• _Data provided_
'''
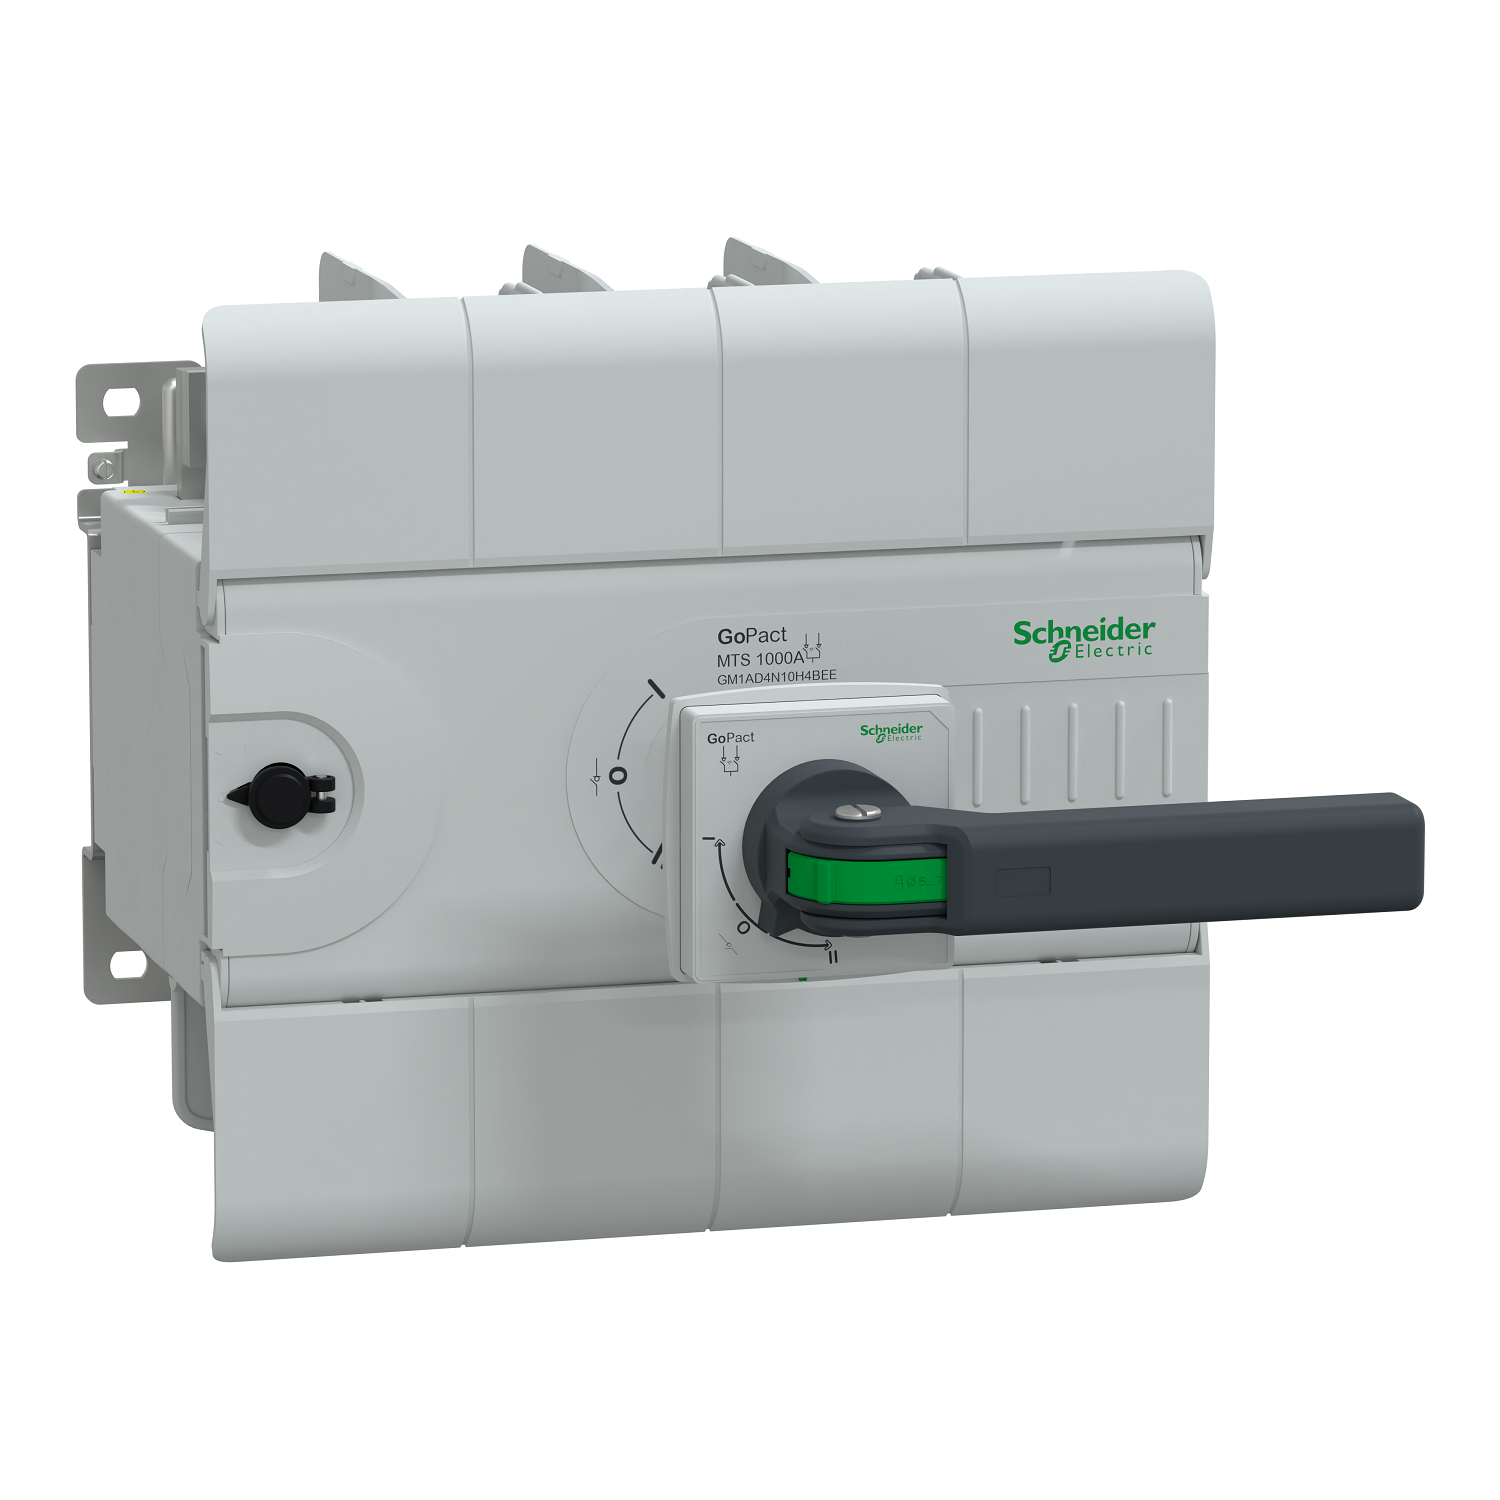 Manual transfer switch, GoPact MTS 1000, 4 poles, 1000A, 415VAC 50/60Hz, extended rotary handle, open transition
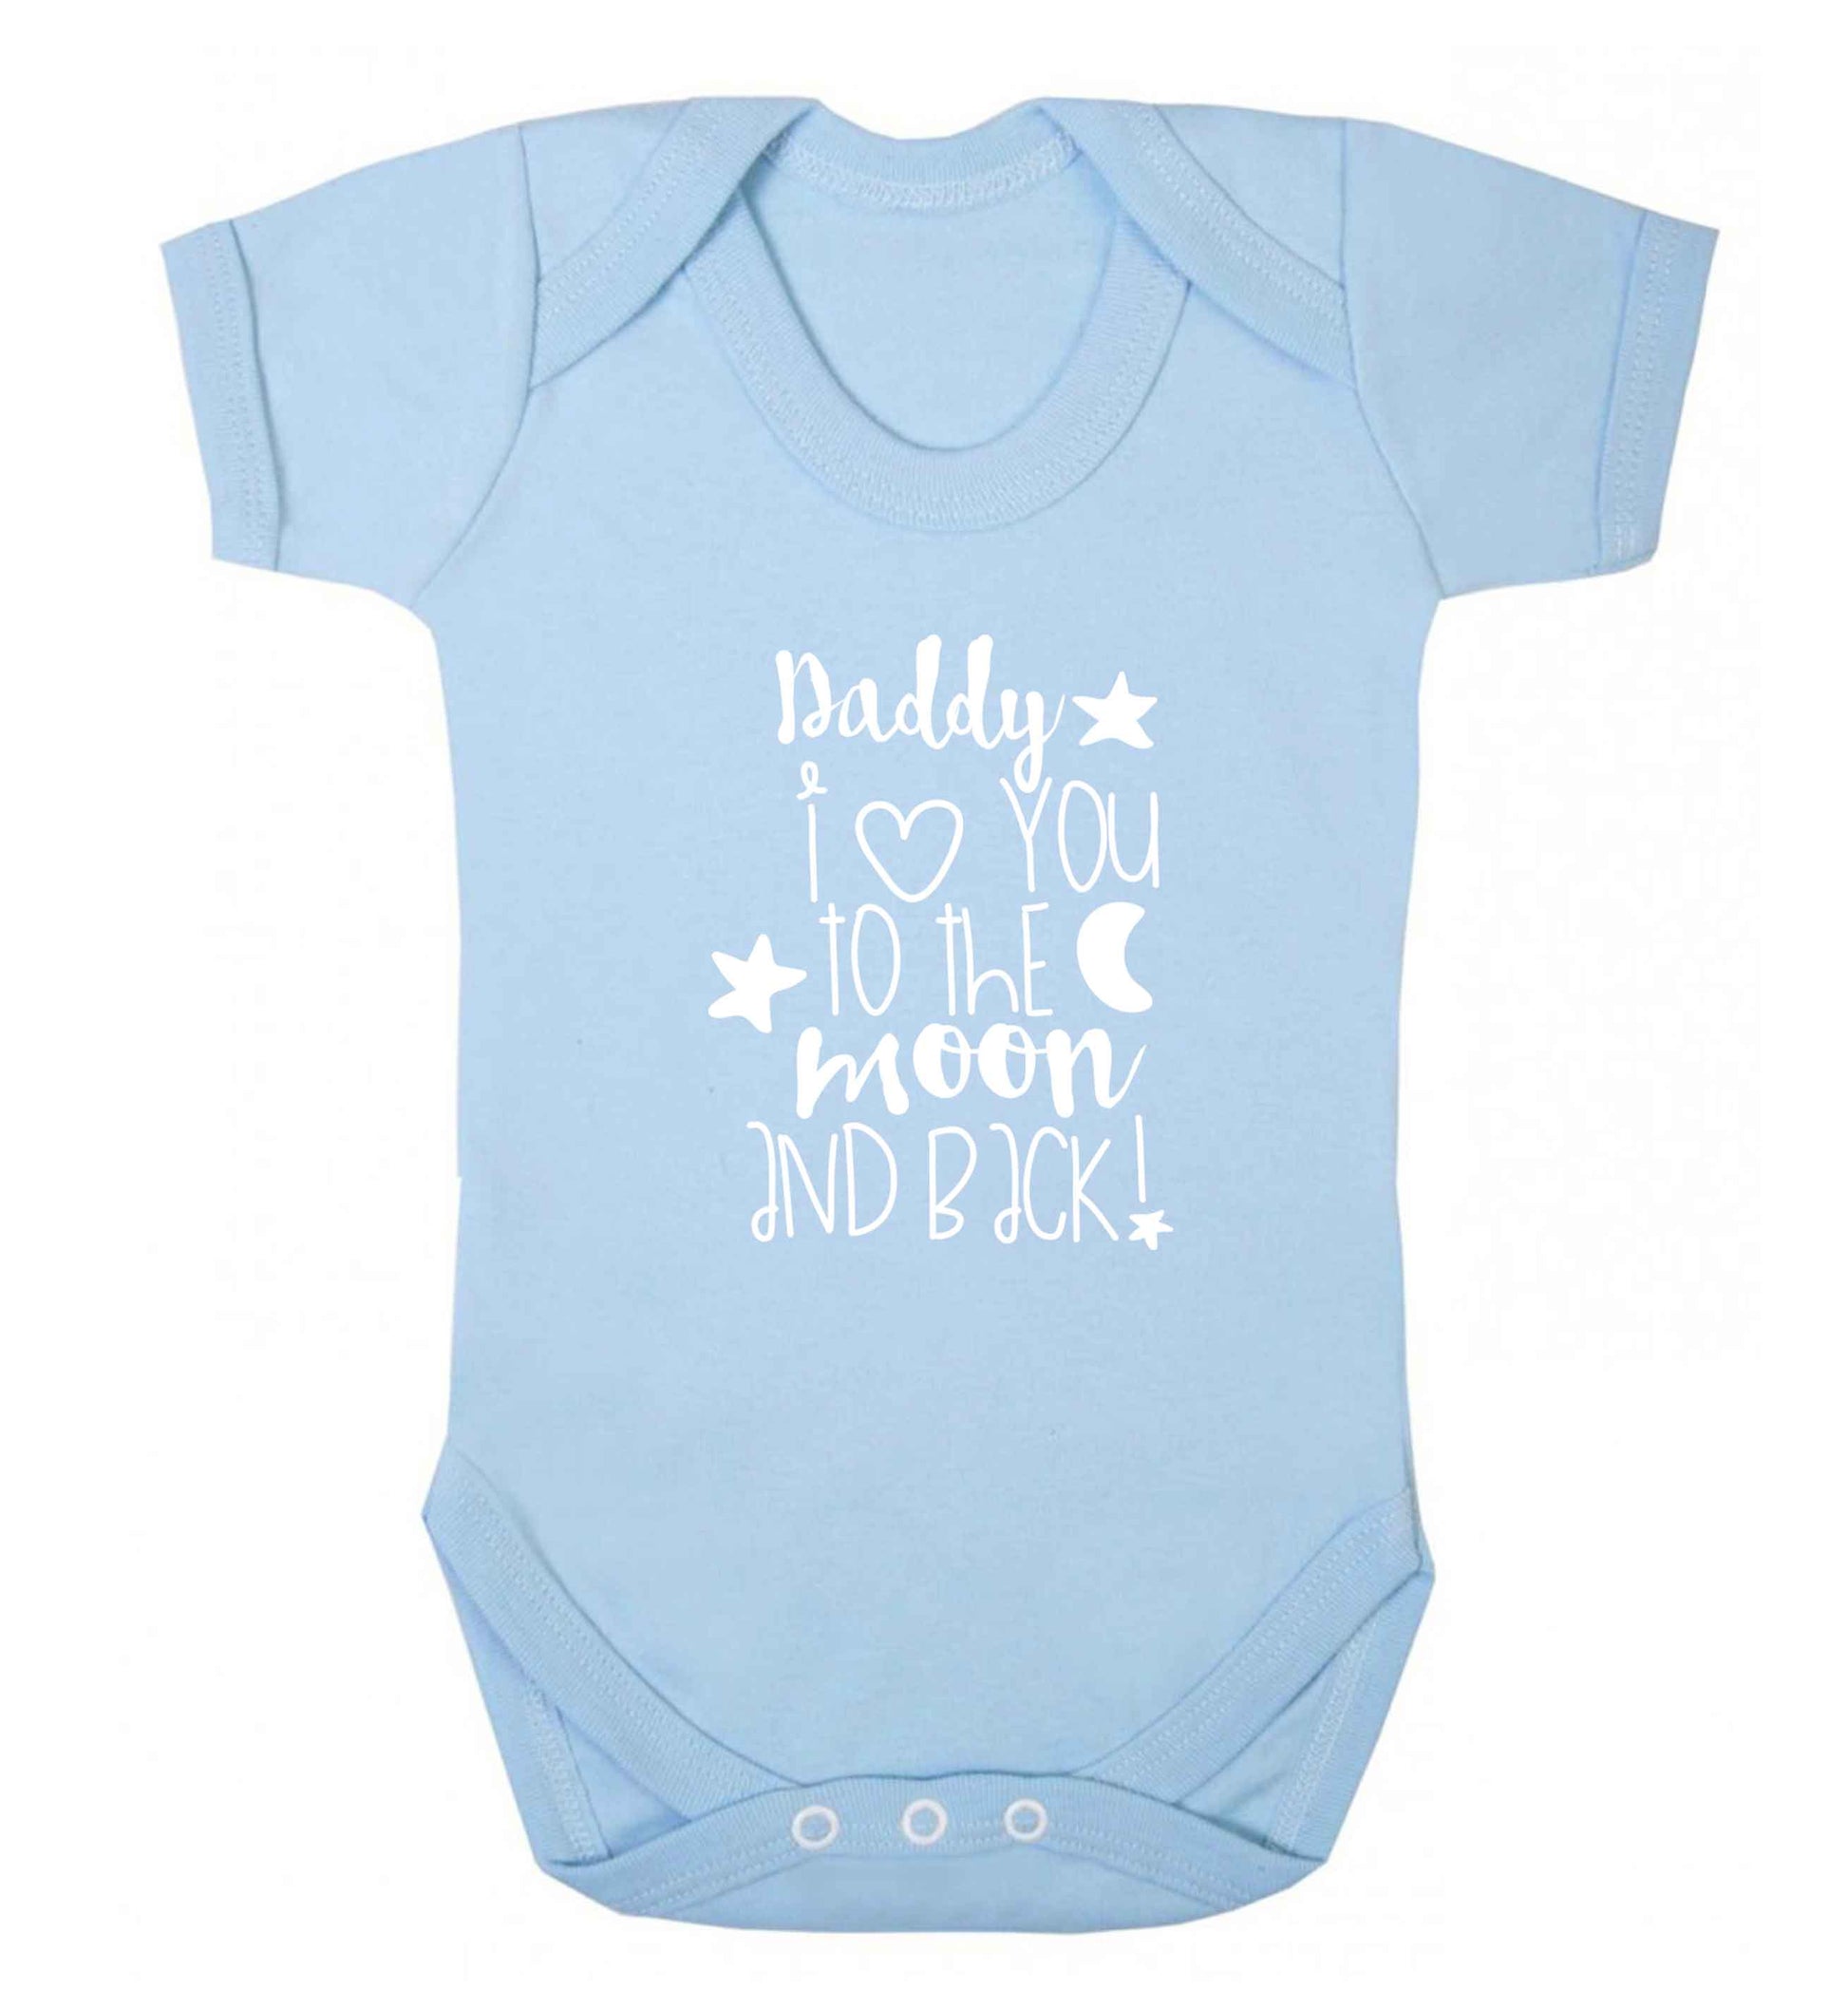 Daddy I love you to the moon and back baby vest pale blue 18-24 months
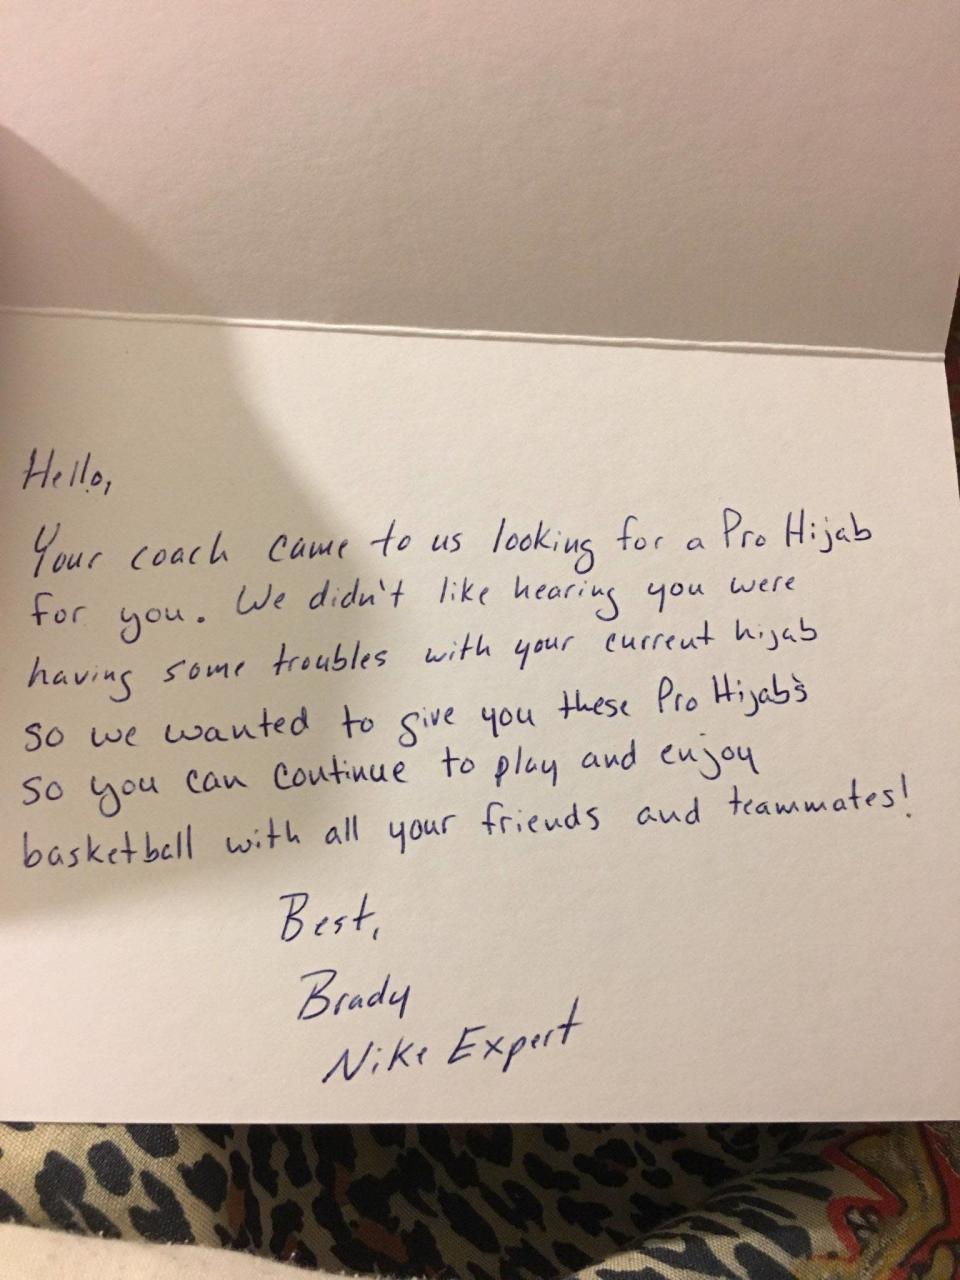 The letter Camrin Hampton received from ‘Brady,’ the mysterious Nike customer service agent whose good deed provided her the hijab she needed to keep playing basketball. (Photo via Camrin Hampton)
'''
• _Problem to solve_
Reprint the data verbatim, pictures excluded.

• _Task output_
 Manual transfer switch, GoPact MTS 1000, 4 poles, 1000A, 415VAC 50/60Hz, extended rotary handle, open transition
 Daddy I love you to the moon and back baby vest pale blue 18-24 months
 The letter Camrin Hampton received from ‘Brady,’ the mysterious Nike customer service agent whose good deed provided her the hijab she needed to keep playing basketball. (Photo via Camrin Hampton)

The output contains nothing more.